How did anyone ever deal with internet this slow?

chriswyatt
March 14th, 2010, 12:00 AM
My internet is terrible, sometimes I have to refresh about 5 times because web pages give up halfway through. Other times it just gives up completely.

It can't be that much worse than mine.

JDShu
March 14th, 2010, 12:11 AM
You gotta love the old 56k dialup tone. So nostalgic.

mcduck
March 14th, 2010, 12:11 AM
My mom found out how to download movies and killed our data allowance. We're back to dial up speeds and it feels like I traveled back in time. At the moment, I'm waiting to download a 6.3 mb pdf for school. It's taken about 10 minutes to get halfway, 10 more to go...

How did anyone ever deal with internet this slow?

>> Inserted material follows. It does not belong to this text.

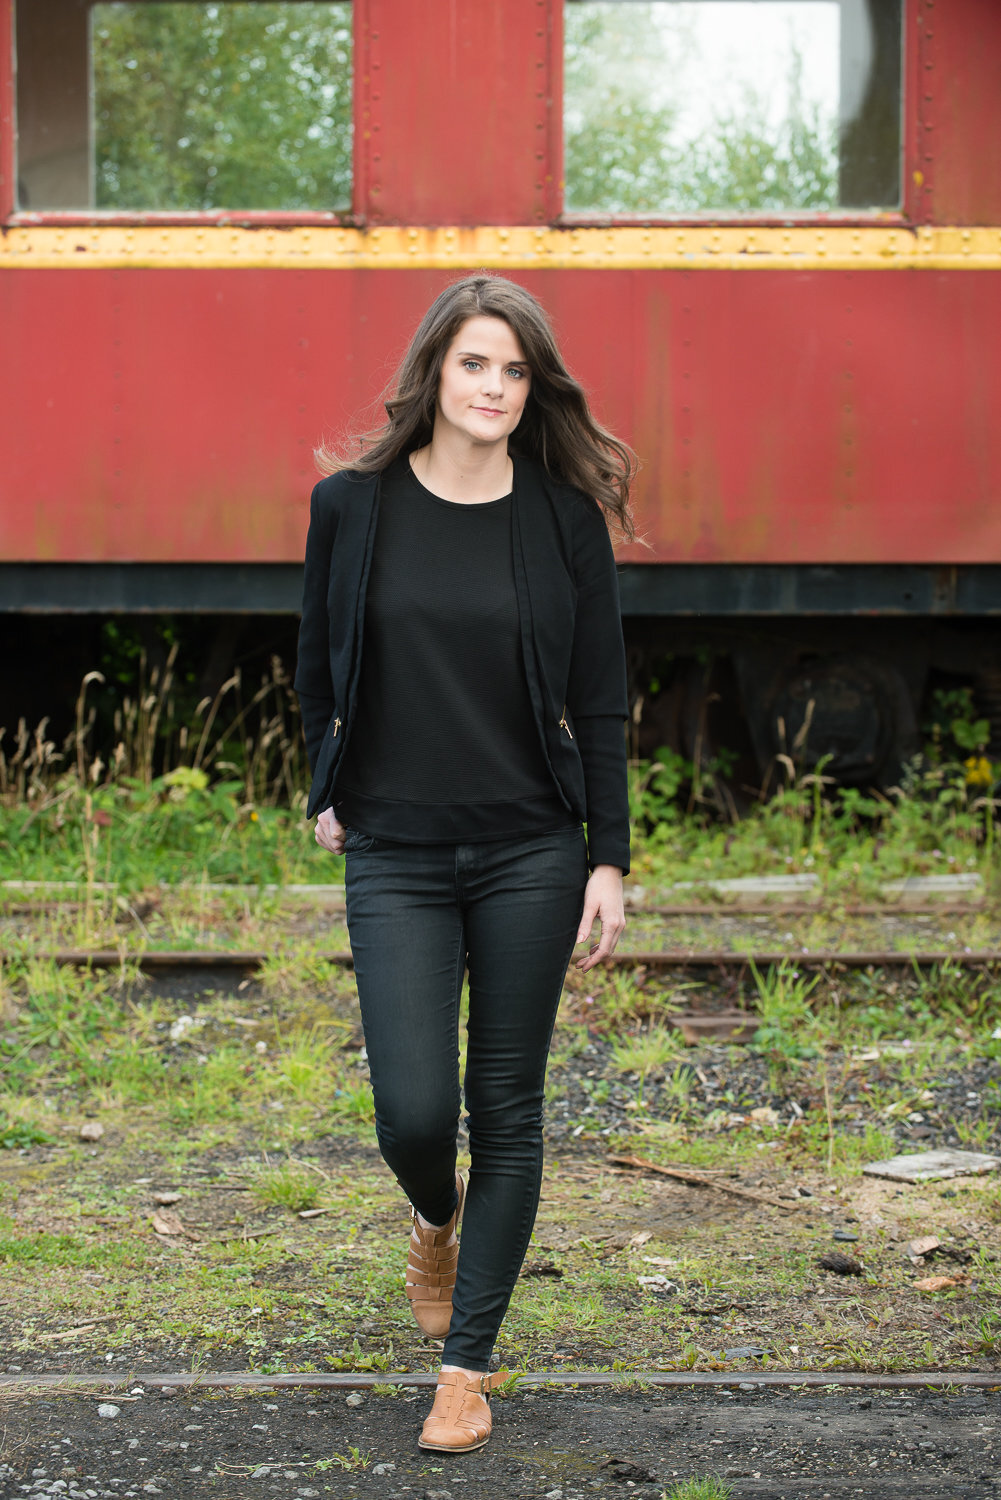 actress with long, brunette hair, in a black jeans and top, walking across train track

We had more text and less images back then. And no movies to download.. (and at least here in Finland cheaper phone calls during nights so we could just leave computers to download stuff overnight).

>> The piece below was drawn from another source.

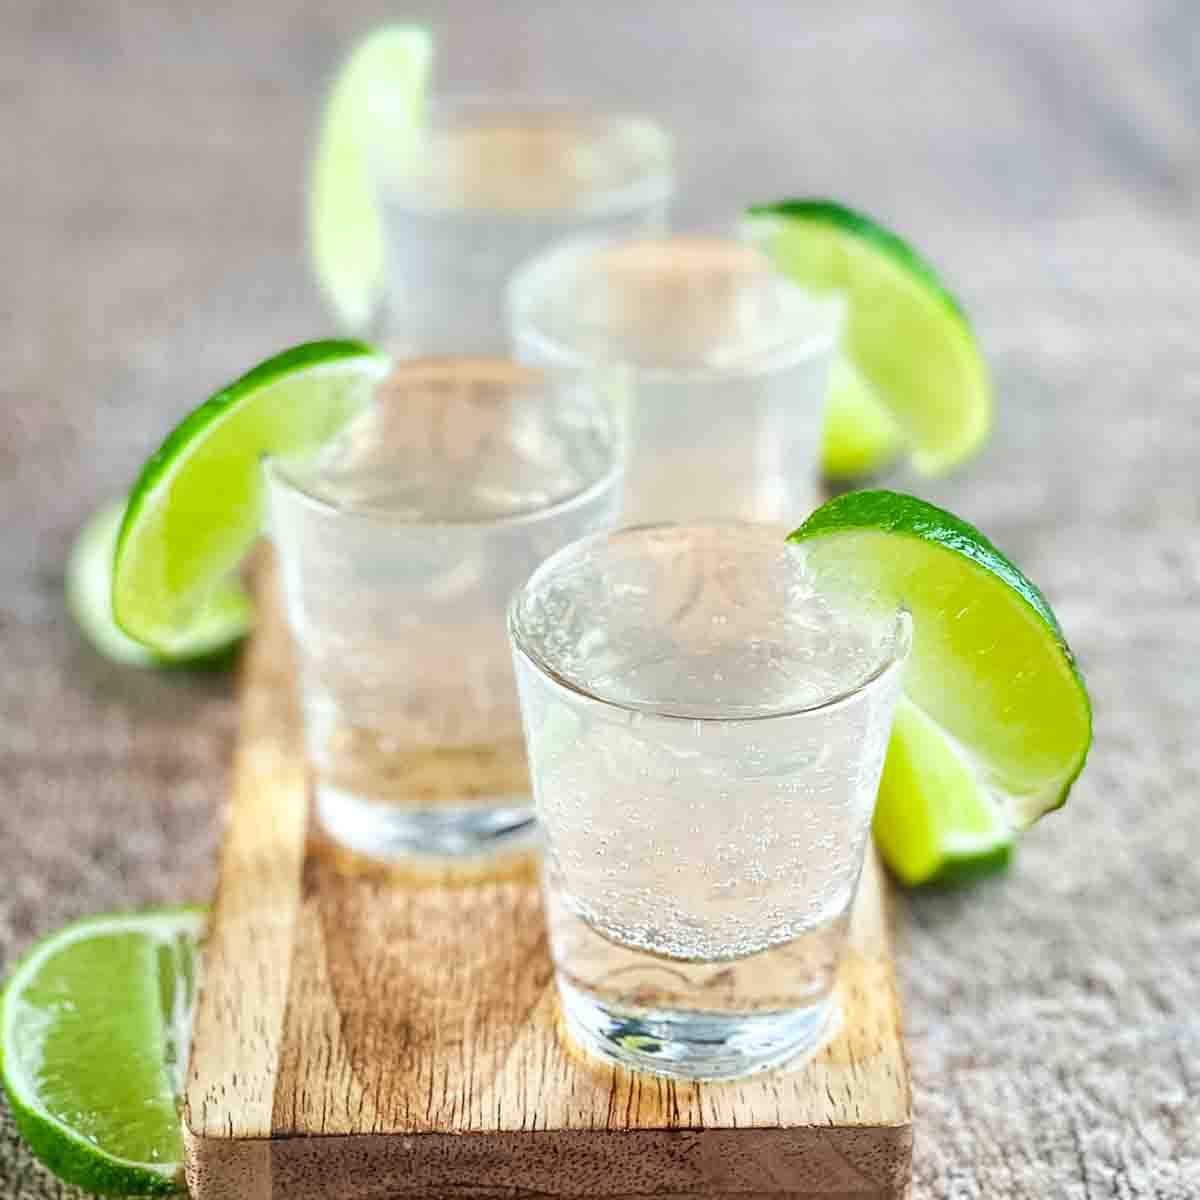 Four white tea shots on a wooden board, garnished with a lime wedge.

Happy to have my 5Mbps unlimited cable these days. Although they offered to upgrade it to 20Mbps for the same price or 100Mbps for ten more euros per month. Now that you made me remember the old modem days I think the 20Mbps offer should be enough for me... :D

Phrea
March 14th, 2010, 12:13 AM
What...?!
Sorry, but where do you live, and what ISP...?
I cant believe ISP's still do that... :o

Edit: I was on dialup once, but that's been ages and ages...

Swagman
March 14th, 2010, 12:23 AM
Haha.

So you never experienced Napster.. 99% complete and then....Bam bye bye

RJARRRPCGP
March 14th, 2010, 12:25 AM
My mom found out how to download movies and killed our data allowance. We're back to dial up speeds and it feels like I traveled back in time. At the moment, I'm waiting to download a 6.3 mb pdf for school. It's taken about 10 minutes to get halfway, 10 more to go...

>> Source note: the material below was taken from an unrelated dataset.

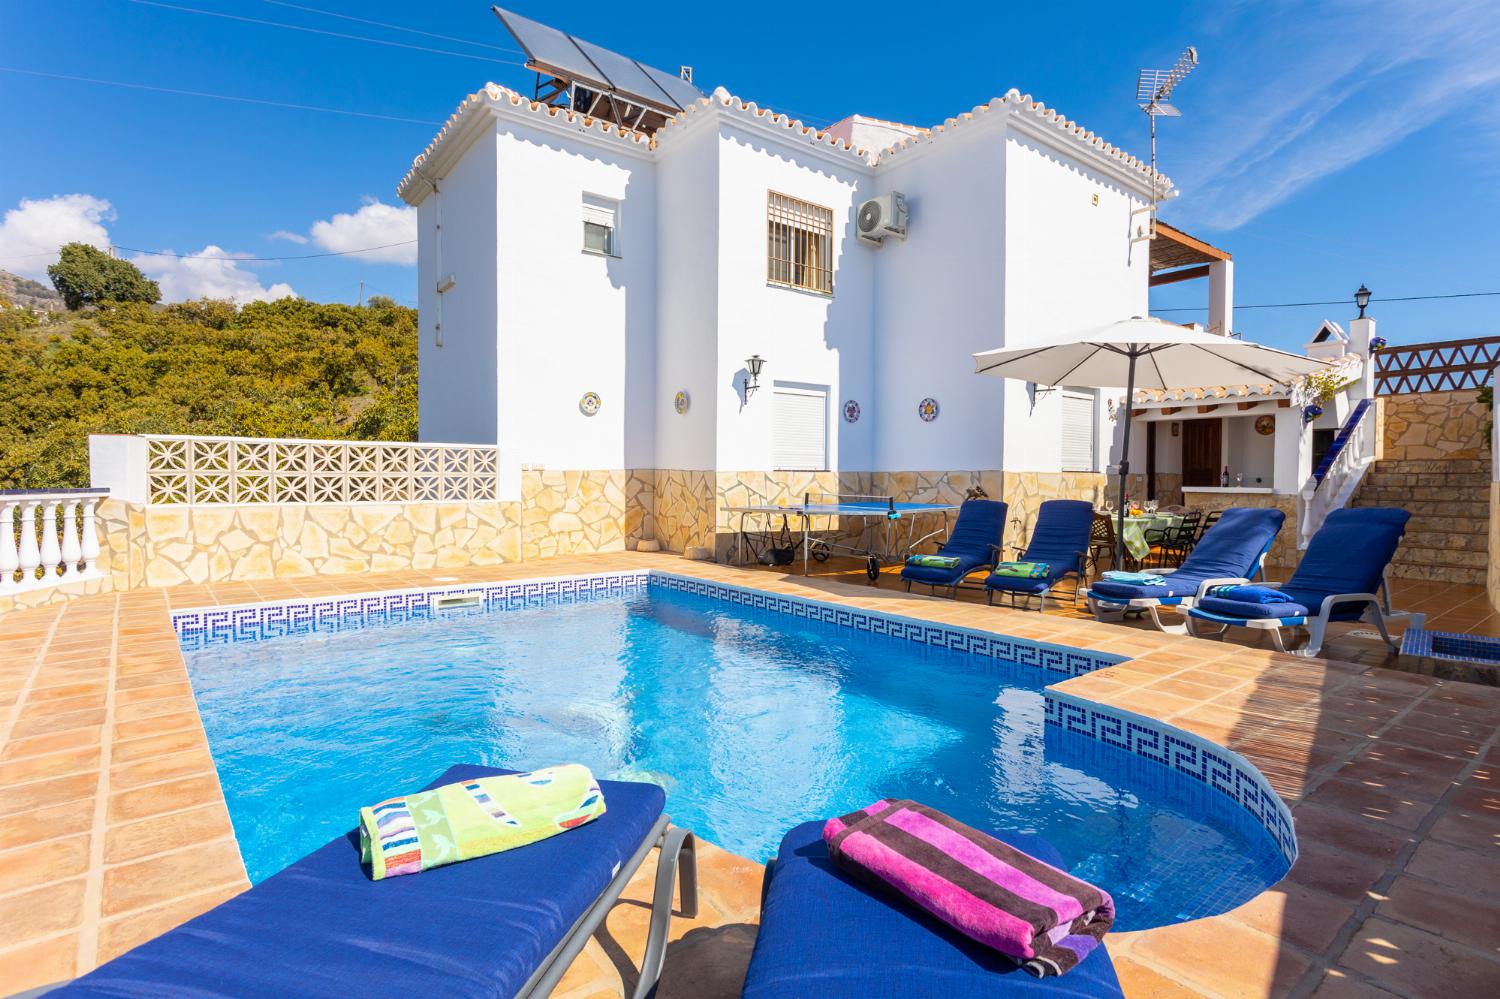 Beautiful villa with private pool and terrace with panoramic countryside views

How did anyone ever deal with internet this slow?

Sounds like you're on Hughes Net! (USA) (satellite) (Sounds like the dreaded FAP ("fair use policy", (HughesNet) which IIRC, cripples your speeds if you download more than a certain amount, which is probably an insanely small amount!) No other ISP is known to do that.

I would NEVER touch HughesNet! I HATE HughesNet! They are ISP Nazis!

Most ISPs probably would simply would bring you a higher bill in your mail.

But, I see that you're in Australia. I have heard bad things about internet in Australia. A good chance that you're really screwed. :(

Australia is at least about 5 1/2 years behind! :(

DuronForever
March 14th, 2010, 12:32 AM
This sort of thing is still endemic in certain countries, and Australia is notorious for it. Partially that's explainable (It is, after all, at the end of some expensive overseas pipes, its main off-continent connections will all be to english-language places which are not geographically close, etc), due to relatively high bandwidth charges at the carrier level.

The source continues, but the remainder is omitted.